MT can be combined with special test cases
It should be emphasized that MT is a general testing technique for the situations where there is no tangible oracle. It can be used to generate a large amount of test cases based on an existing set of test cases. For example, we can easily construct some artificial short sequence reads with predefined mismatch patterns for the testing of SeqMap. Such special test cases are useful and should be used as far as possible. However, special test cases only cover a small portion of all possible inputs, and we still need more test cases whose testing results are not easy to verify. A straightforward method is to combine MT technique with special test cases. This can be done by using each special test case as a source test case to generate follow-up test cases based on some MRs. Such an approach has been shown to be very effective in detecting non-trivial faults [5].
MT is simple and automatable
As demonstrated through the two case studies, the process of MT is straightforward. Different subsets of behaviours of the target program can be tested by employing different MRs. Once the MRs are identified, test cases can easily be automatically generated and their outputs can be verified using simple scripts. A single program can have a great number of MRs, and various follow-up test cases can be defined based on one single source test case.
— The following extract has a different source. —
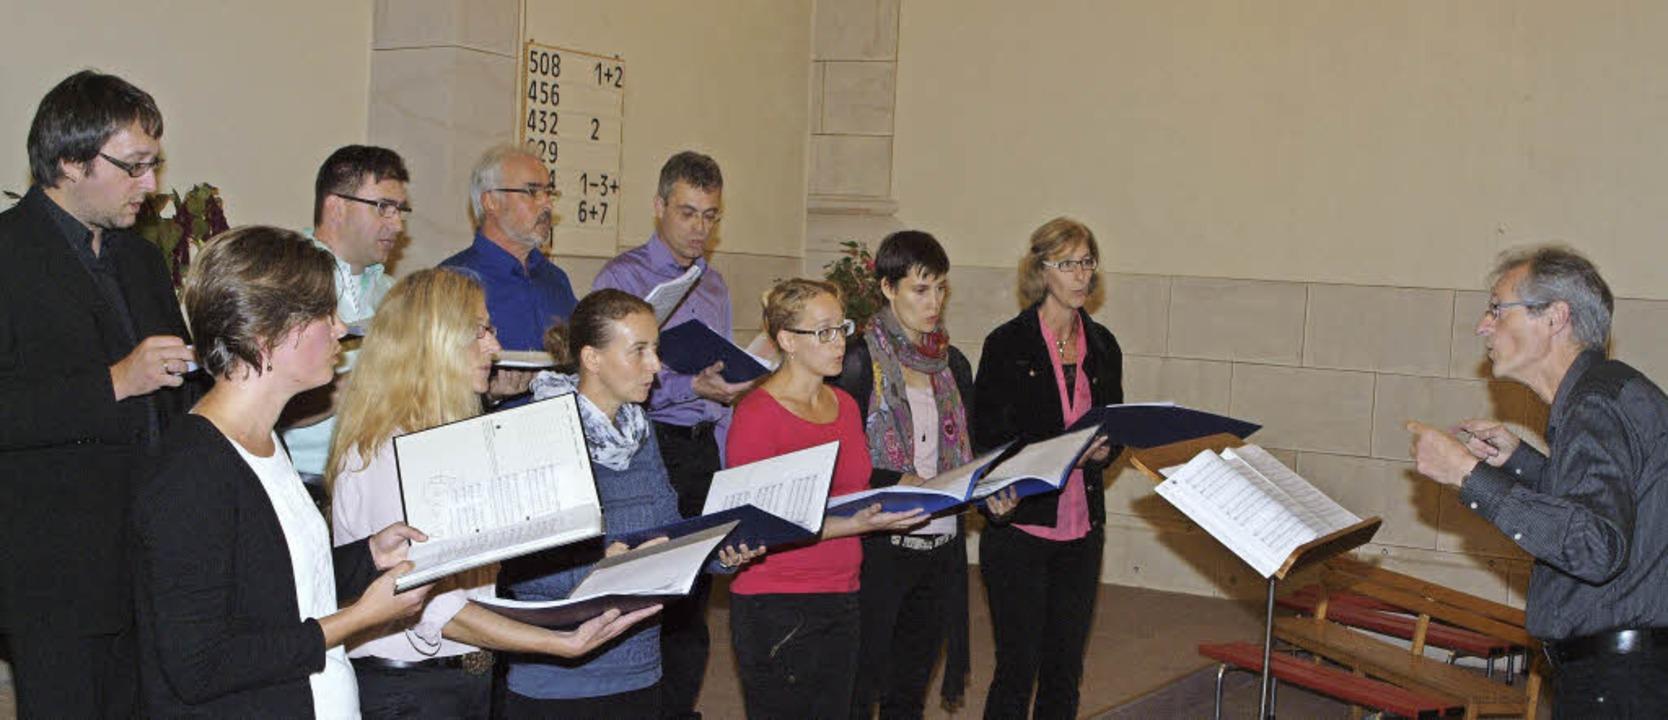 Viel Beifall erhielt der Kenzinger Chor Tonart beim jüngsten Kirchenkonzert.  | Foto: Michael haberer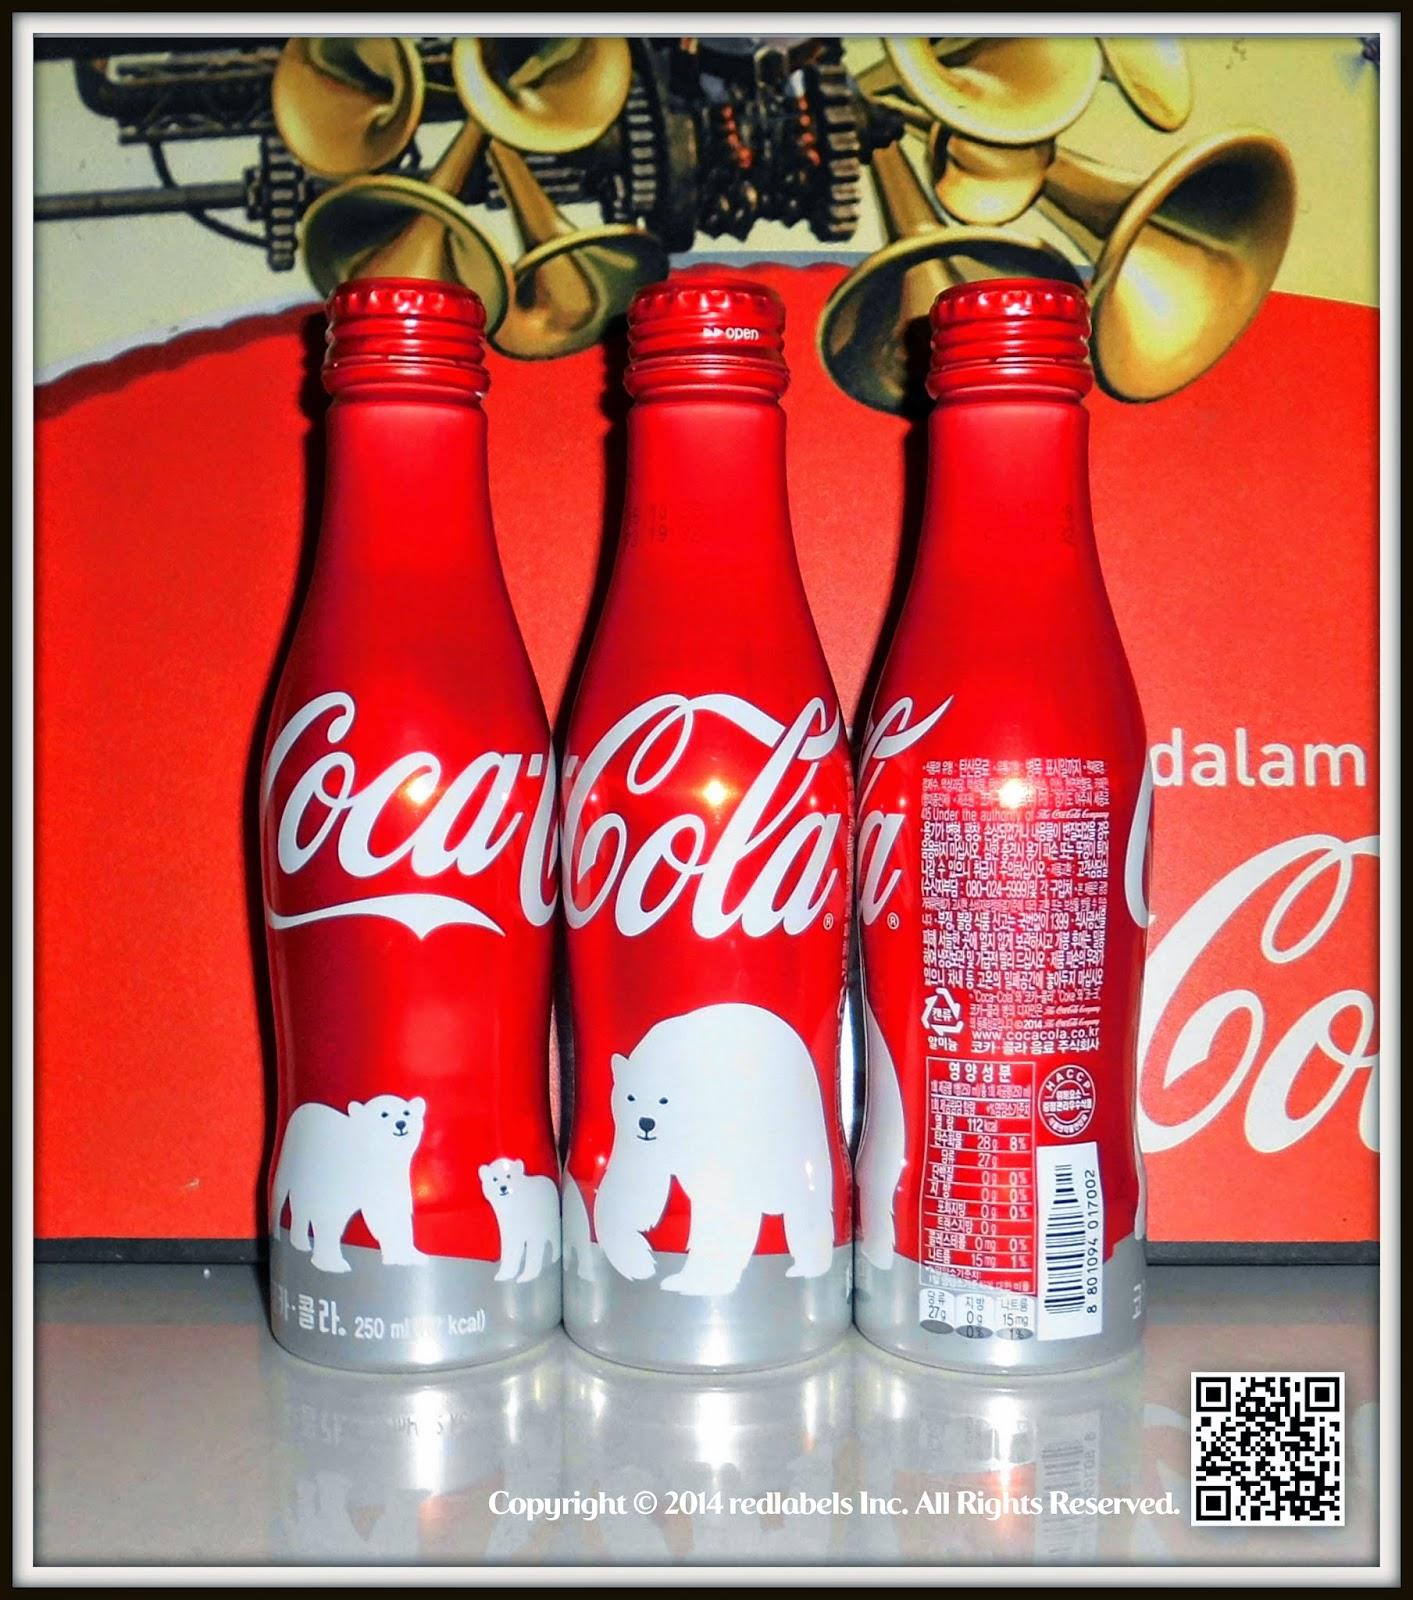 aluminum bottle collector club coca cola polar bears aluminum bottle limited edition korea 2014. Black Bedroom Furniture Sets. Home Design Ideas

Moreover, the simplicity of MT allows us to perform systematic automated testing using a simple test script. The use of simple test script is important to minimize the chance of introducing bugs into the test script itself, which can subsequently confound the interpretation of the testing result.
MT allows the use of real inputs as test cases
One implication of the ability to automatically generate more test cases is that we can now use real-life program inputs as test inputs. In the MT framework, it is easy to treat a real-life input as a source test case, and generate many follow-up test cases using a set of MRs. For programs that lack a tangible oracle, test cases are usually restricted to those that can easily be constructed and verified. Such test cases may not have the same size and characteristics as the real-life program inputs. For instance, testing of real-life input is often not possible for most network simulators since we have no objective means to verify the large amount of simulation results. Using MT, such difficulty is alleviated by testing the outputs against a set of MRs instead of the oracle. In our case study of GNLab, we can construct test cases based on two real-life GRNs which are much larger and complicated than the randomly generated ones. Many bioinformatics programs deal with high-throughput data, therefore the ability to test whether they can correctly handle such real-life inputs is important.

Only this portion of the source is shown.